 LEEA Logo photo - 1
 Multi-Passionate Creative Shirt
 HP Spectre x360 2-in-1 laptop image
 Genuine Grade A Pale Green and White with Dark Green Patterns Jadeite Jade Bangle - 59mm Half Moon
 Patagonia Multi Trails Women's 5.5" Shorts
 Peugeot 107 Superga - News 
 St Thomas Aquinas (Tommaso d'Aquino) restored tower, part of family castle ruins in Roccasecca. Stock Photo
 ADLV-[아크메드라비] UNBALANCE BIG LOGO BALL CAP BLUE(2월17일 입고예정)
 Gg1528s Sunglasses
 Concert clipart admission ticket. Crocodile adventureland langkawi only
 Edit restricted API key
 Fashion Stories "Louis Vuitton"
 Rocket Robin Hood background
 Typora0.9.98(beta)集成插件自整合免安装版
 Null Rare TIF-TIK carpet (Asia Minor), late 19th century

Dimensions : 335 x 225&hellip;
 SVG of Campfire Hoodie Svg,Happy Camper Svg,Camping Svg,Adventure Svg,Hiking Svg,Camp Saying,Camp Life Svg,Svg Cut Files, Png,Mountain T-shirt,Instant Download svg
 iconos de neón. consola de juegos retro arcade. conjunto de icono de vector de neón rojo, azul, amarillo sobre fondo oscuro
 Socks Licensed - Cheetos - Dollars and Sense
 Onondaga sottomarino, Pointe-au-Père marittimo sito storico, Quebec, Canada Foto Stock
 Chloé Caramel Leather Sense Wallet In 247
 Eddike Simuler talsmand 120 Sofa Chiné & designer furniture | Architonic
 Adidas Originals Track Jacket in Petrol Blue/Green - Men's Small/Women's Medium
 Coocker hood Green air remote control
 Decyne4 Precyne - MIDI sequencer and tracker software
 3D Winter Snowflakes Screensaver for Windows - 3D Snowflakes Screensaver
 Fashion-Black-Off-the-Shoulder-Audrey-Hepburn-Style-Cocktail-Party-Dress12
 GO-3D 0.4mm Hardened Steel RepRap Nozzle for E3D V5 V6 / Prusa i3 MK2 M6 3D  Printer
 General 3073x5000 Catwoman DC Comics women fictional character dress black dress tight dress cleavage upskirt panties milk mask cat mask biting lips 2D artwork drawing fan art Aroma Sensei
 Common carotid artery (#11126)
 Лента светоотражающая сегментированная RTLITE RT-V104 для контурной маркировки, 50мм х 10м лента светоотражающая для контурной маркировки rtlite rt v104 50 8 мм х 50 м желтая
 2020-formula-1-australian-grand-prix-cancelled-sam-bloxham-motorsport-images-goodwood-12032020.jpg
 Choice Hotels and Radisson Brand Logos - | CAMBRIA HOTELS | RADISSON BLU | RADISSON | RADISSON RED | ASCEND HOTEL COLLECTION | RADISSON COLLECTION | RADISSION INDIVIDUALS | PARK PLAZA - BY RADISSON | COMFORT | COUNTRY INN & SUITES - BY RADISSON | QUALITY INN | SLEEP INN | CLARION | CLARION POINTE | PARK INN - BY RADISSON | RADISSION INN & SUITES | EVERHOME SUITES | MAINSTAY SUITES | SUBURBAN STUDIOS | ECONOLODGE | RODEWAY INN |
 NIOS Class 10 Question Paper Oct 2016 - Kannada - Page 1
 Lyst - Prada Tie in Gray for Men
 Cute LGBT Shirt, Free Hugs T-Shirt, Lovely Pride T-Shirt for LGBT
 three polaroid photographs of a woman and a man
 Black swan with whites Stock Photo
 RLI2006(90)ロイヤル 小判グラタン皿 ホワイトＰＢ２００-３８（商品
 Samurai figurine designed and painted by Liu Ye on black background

:::::

▶ **Work instruction**
The output should be a character-exact copy of all entries.

▶ **Your solution**
 LEEA Logo photo - 1
 Multi-Passionate Creative Shirt
 HP Spectre x360 2-in-1 laptop image
 Genuine Grade A Pale Green and White with Dark Green Patterns Jadeite Jade Bangle - 59mm Half Moon
 Patagonia Multi Trails Women's 5.5" Shorts
 Peugeot 107 Superga - News 
 St Thomas Aquinas (Tommaso d'Aquino) restored tower, part of family castle ruins in Roccasecca. Stock Photo
 ADLV-[아크메드라비] UNBALANCE BIG LOGO BALL CAP BLUE(2월17일 입고예정)
 Gg1528s Sunglasses
 Concert clipart admission ticket. Crocodile adventureland langkawi only
 Edit restricted API key
 Fashion Stories "Louis Vuitton"
 Rocket Robin Hood background
 Typora0.9.98(beta)集成插件自整合免安装版
 Null Rare TIF-TIK carpet (Asia Minor), late 19th century

Dimensions : 335 x 225&hellip;
 SVG of Campfire Hoodie Svg,Happy Camper Svg,Camping Svg,Adventure Svg,Hiking Svg,Camp Saying,Camp Life Svg,Svg Cut Files, Png,Mountain T-shirt,Instant Download svg
 iconos de neón. consola de juegos retro arcade. conjunto de icono de vector de neón rojo, azul, amarillo sobre fondo oscuro
 Socks Licensed - Cheetos - Dollars and Sense
 Onondaga sottomarino, Pointe-au-Père marittimo sito storico, Quebec, Canada Foto Stock
 Chloé Caramel Leather Sense Wallet In 247
 Eddike Simuler talsmand 120 Sofa Chiné & designer furniture | Architonic
 Adidas Originals Track Jacket in Petrol Blue/Green - Men's Small/Women's Medium
 Coocker hood Green air remote control
 Decyne4 Precyne - MIDI sequencer and tracker software
 3D Winter Snowflakes Screensaver for Windows - 3D Snowflakes Screensaver
 Fashion-Black-Off-the-Shoulder-Audrey-Hepburn-Style-Cocktail-Party-Dress12
 GO-3D 0.4mm Hardened Steel RepRap Nozzle for E3D V5 V6 / Prusa i3 MK2 M6 3D  Printer
 General 3073x5000 Catwoman DC Comics women fictional character dress black dress tight dress cleavage upskirt panties milk mask cat mask biting lips 2D artwork drawing fan art Aroma Sensei
 Common carotid artery (#11126)
 Лента светоотражающая сегментированная RTLITE RT-V104 для контурной маркировки, 50мм х 10м лента светоотражающая для контурной маркировки rtlite rt v104 50 8 мм х 50 м желтая
 2020-formula-1-australian-grand-prix-cancelled-sam-bloxham-motorsport-images-goodwood-12032020.jpg
 Choice Hotels and Radisson Brand Logos - | CAMBRIA HOTELS | RADISSON BLU | RADISSON | RADISSON RED | ASCEND HOTEL COLLECTION | RADISSON COLLECTION | RADISSION INDIVIDUALS | PARK PLAZA - BY RADISSON | COMFORT | COUNTRY INN & SUITES - BY RADISSON | QUALITY INN | SLEEP INN | CLARION | CLARION POINTE | PARK INN - BY RADISSON | RADISSION INN & SUITES | EVERHOME SUITES | MAINSTAY SUITES | SUBURBAN STUDIOS | ECONOLODGE | RODEWAY INN |
 NIOS Class 10 Question Paper Oct 2016 - Kannada - Page 1
 Lyst - Prada Tie in Gray for Men
 Cute LGBT Shirt, Free Hugs T-Shirt, Lovely Pride T-Shirt for LGBT
 three polaroid photographs of a woman and a man
 Black swan with whites Stock Photo
 RLI2006(90)ロイヤル 小判グラタン皿 ホワイトＰＢ２００-３８（商品
 Samurai figurine designed and painted by Liu Ye on black background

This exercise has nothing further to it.